Saral vs Oil transfers

I've been using Saral transfer paper in either graphite color or white to transfer my drawings to the stained canvas.  I haven't noticed any problems.

Recently, I learned about the process of doing an oil transfer by spreading a thin coat of earth toned oil paint on the back of the drawing.  Seem to me to be an extra step but it sounds interesting.  I haven't tried it.

Is there any real advantage of one technique over the other?   


  • I am sorry, I can't help, but will be interested to hear what others say.
    My paintings mostly start with me drawing the image with my brush directly onto the  canvas/linen/board or whatever I have stained.  On the odd occasion, I will ddraw on with a watercolour pencil if I need specific angles or something.
  • Thanks @toujours I draw directly with my brush when doing landscapes, but when I need more precision for portraits, I have to transfer a precise drawing or other image.  I then use Mark's proportional diagonals technique to keep a constant check on my measurements.
  • Gauguin did oil transfers.
    I played around with them years ago.  Brush or roll the oil paint on evenly for the best transfer.
  • @GTO Fascinating!  According to the article Gauguin invented the technique!  His technique was a little different though.  The finished oil transfer drawing ended up on the back side of the original.  The paint was brushed out on a second sheet.  Also fascinating is the he would use more than one color.  Reminds me of a one-shot sort of screen printing.

  • I did an oil transfer for my current painting. I printed out ordinary A3 paper to size (multiple sheets - big painting) and used the cheapest big tube of hobby paint raw umber I would never use normally. I painted the back of each page (not the whole page - just behind the main things I wanted to transfer) and simply transferred using a pen. It should be almost dry and don't put your hand down or you'll leave marks. If multiple sheets you need to place them accurately. I can't compare it to the other technique you mention.
  • mstrick96

    Essentially whether pigmented wax (saral) or thin earth tone it is the same pigment transfer technique. The difference being that you pay a lot more for Saral and the thin earth tone leaves you with a messy bit of stuff to store.

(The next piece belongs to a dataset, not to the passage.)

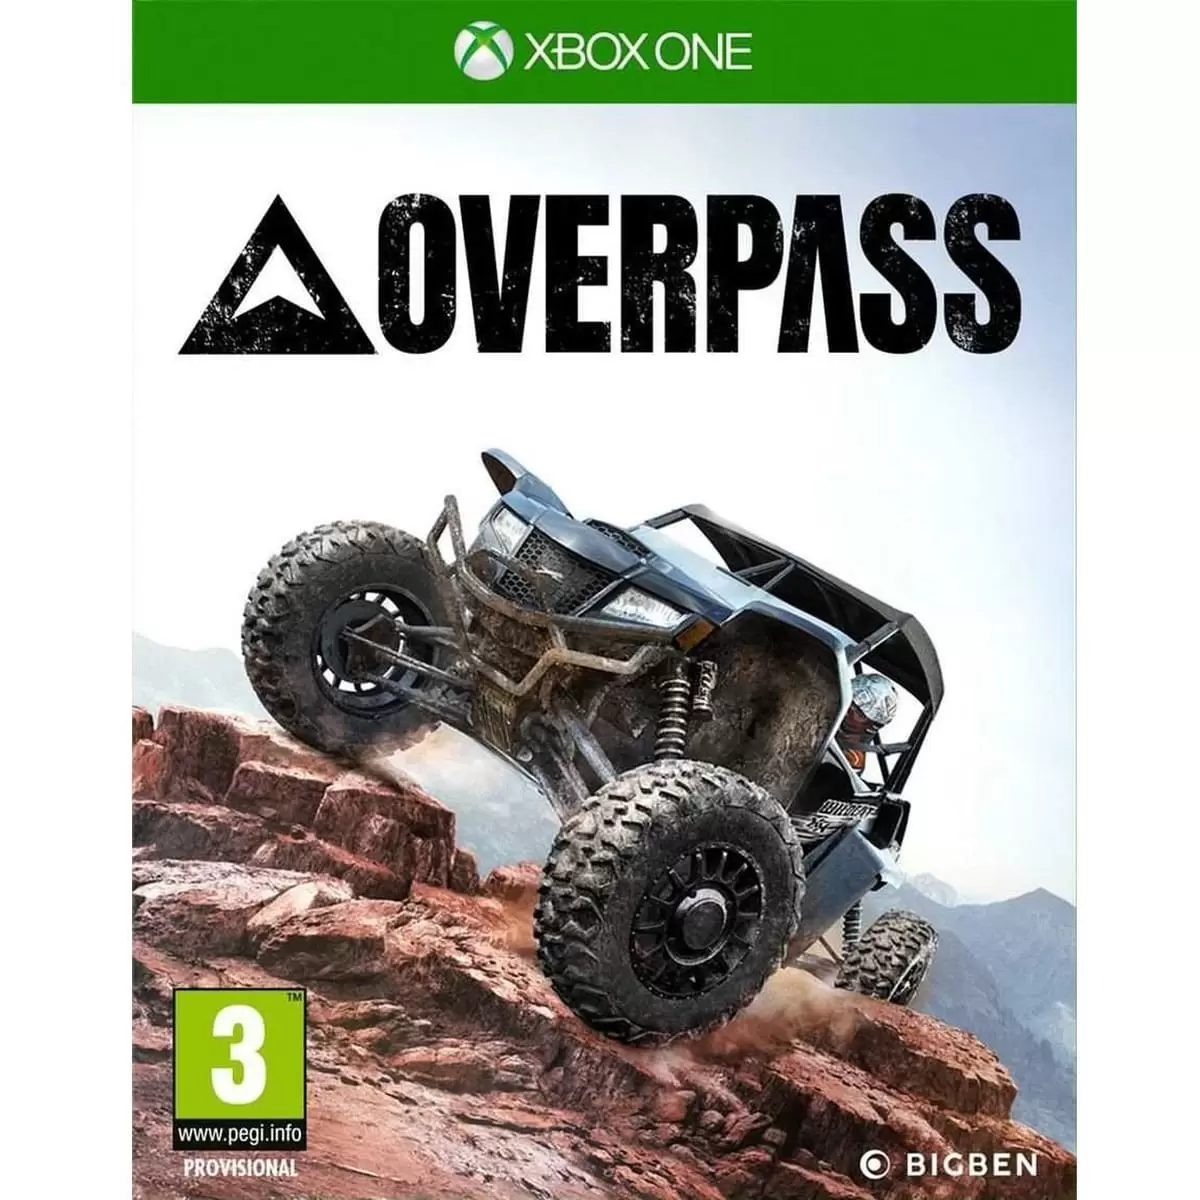 XBOX One Games - Overpass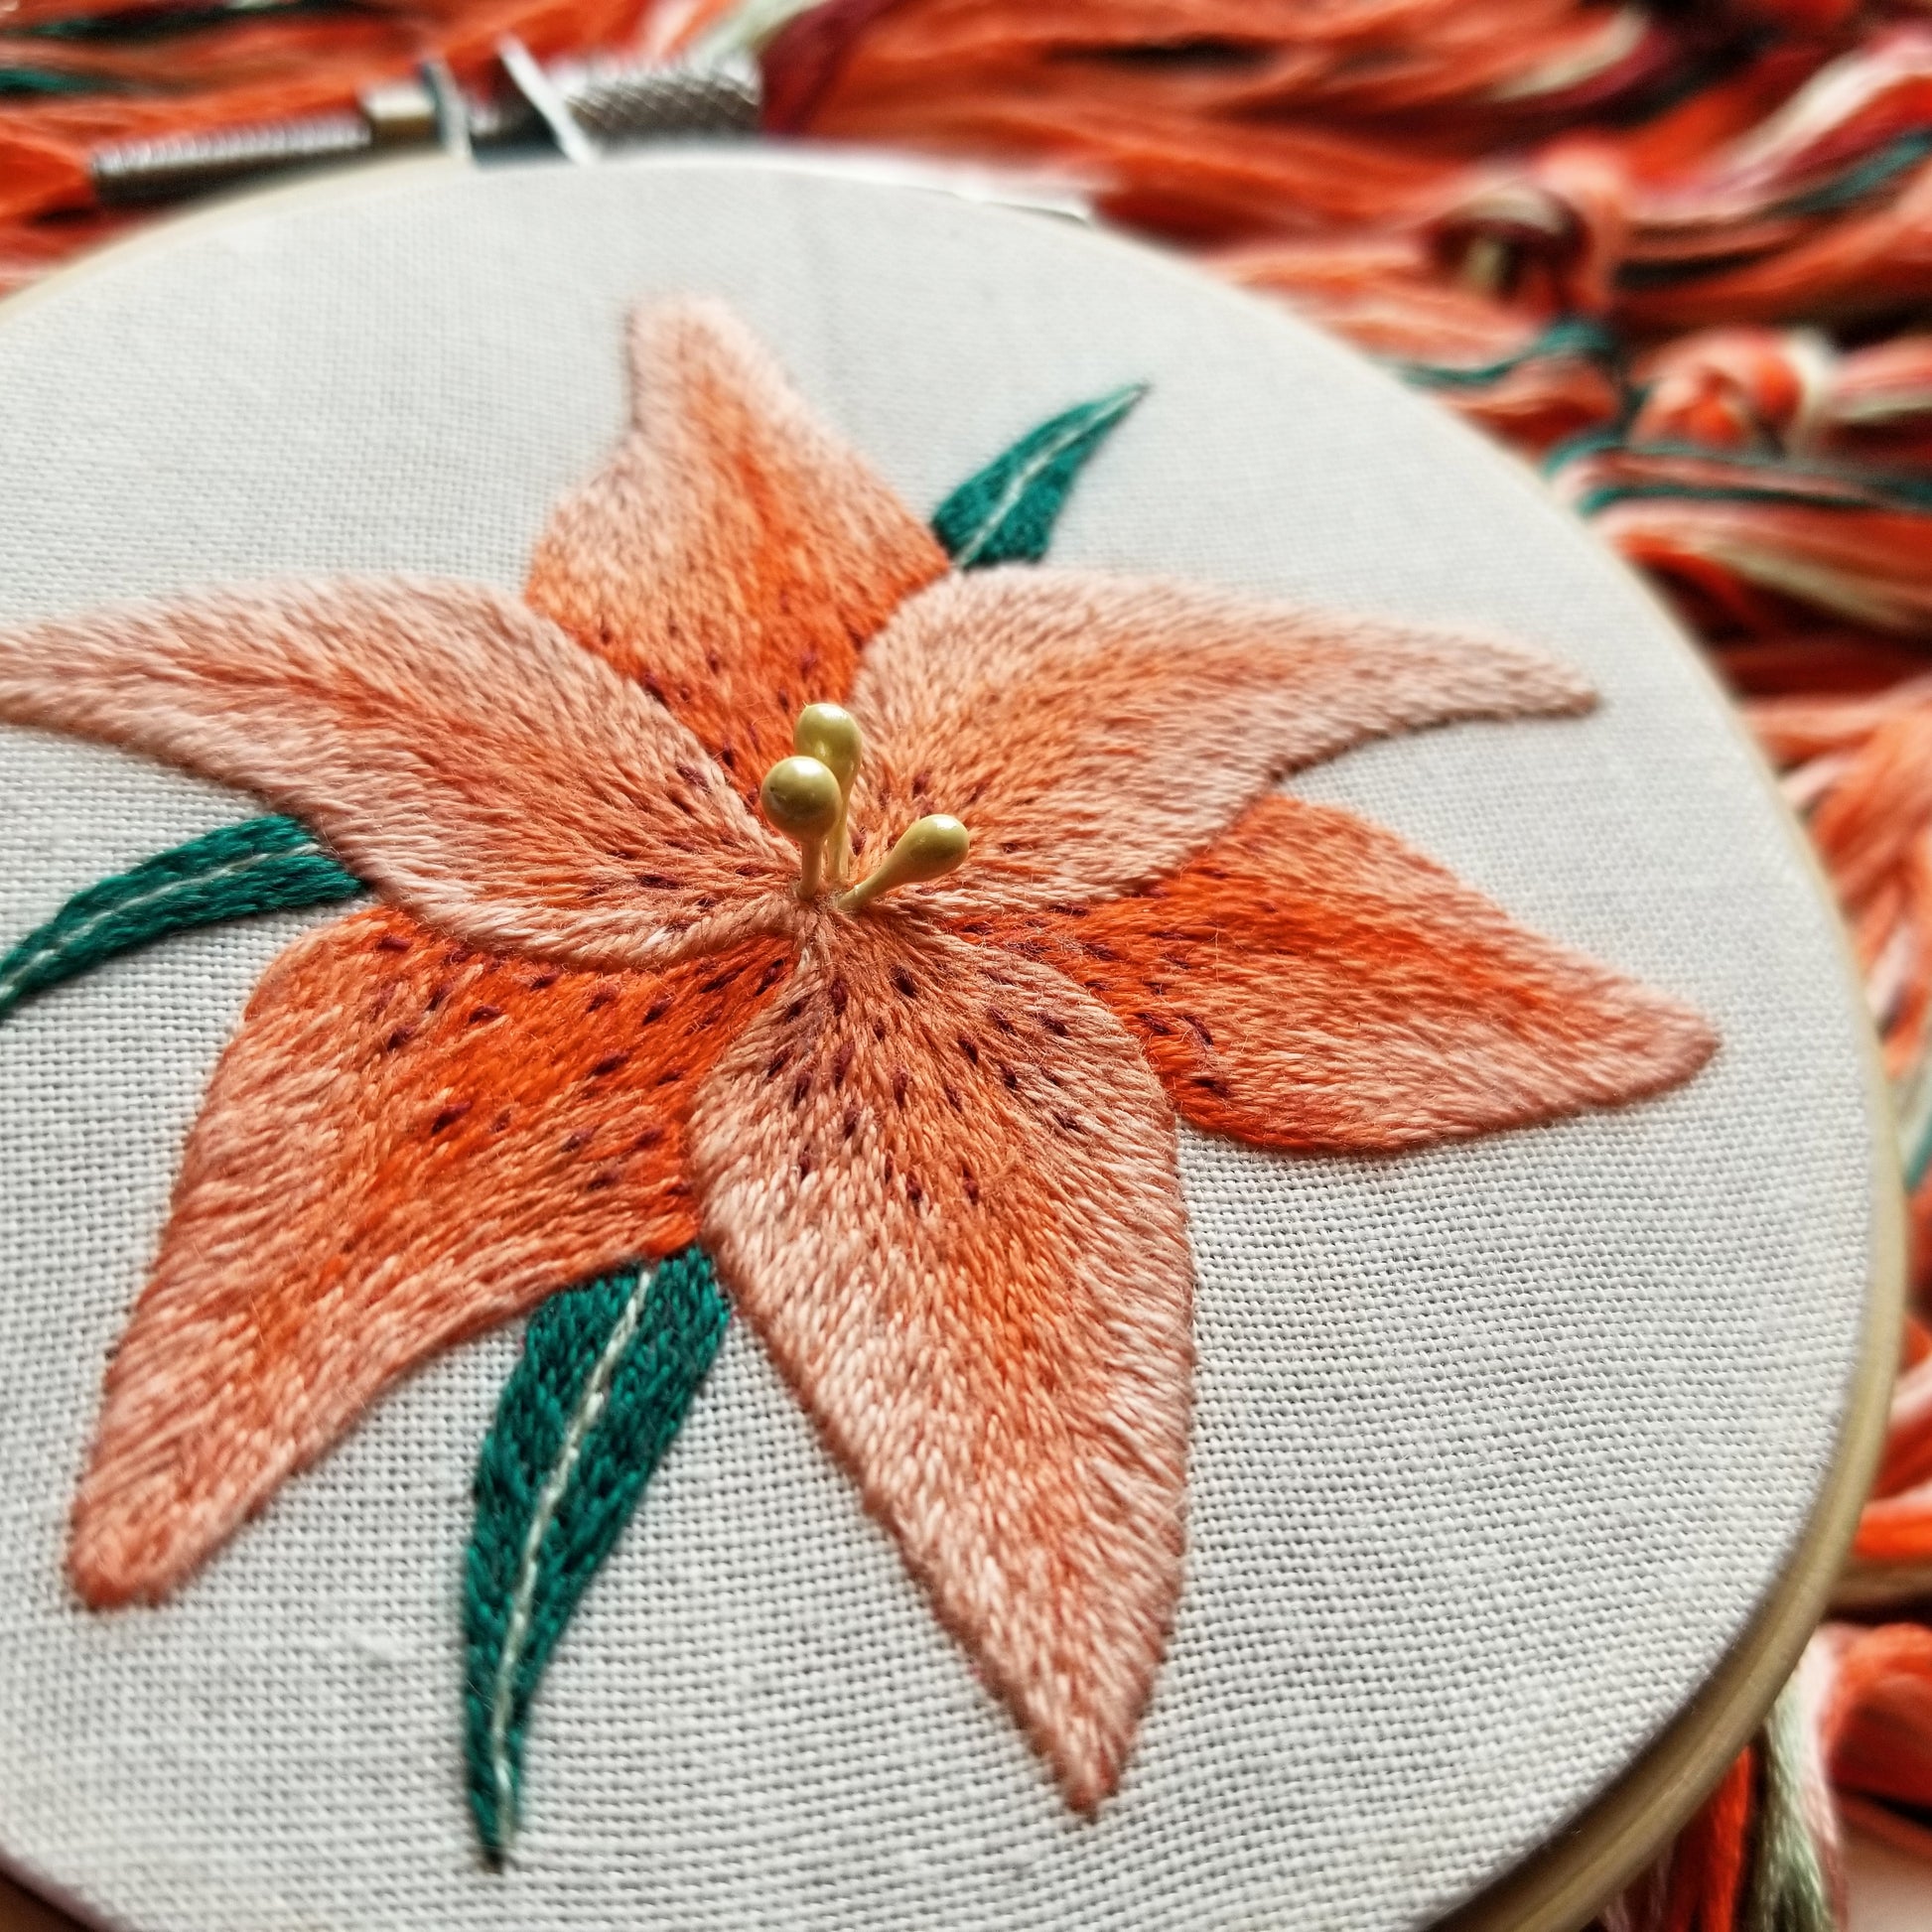 Pretty Lily Stitched Embroidery Design

    I have been able to do much the same by coating the back of a drawing with dry pastel or even school chalk. Same is possible with compressed charcoal. All three can be easily wiped off.

    There are YouTube recipes for making your own Saral. 

    Possible also to use a ball point pen over a thin drawing paper to leave a light sgraffito impression on the canvas which could then be made more visible with the side of a pastel stick. No mess, no expense, easy, invisible.

  • Led light boxes are another option. I got one for Christmas (about £20)

    Here's a line drawing on thick cartridge paper beneath a prepared canvas. Photocopy paper is thinner and gives clearer results letting you use colour photos.

    You can draw or paint the outline on the canvas.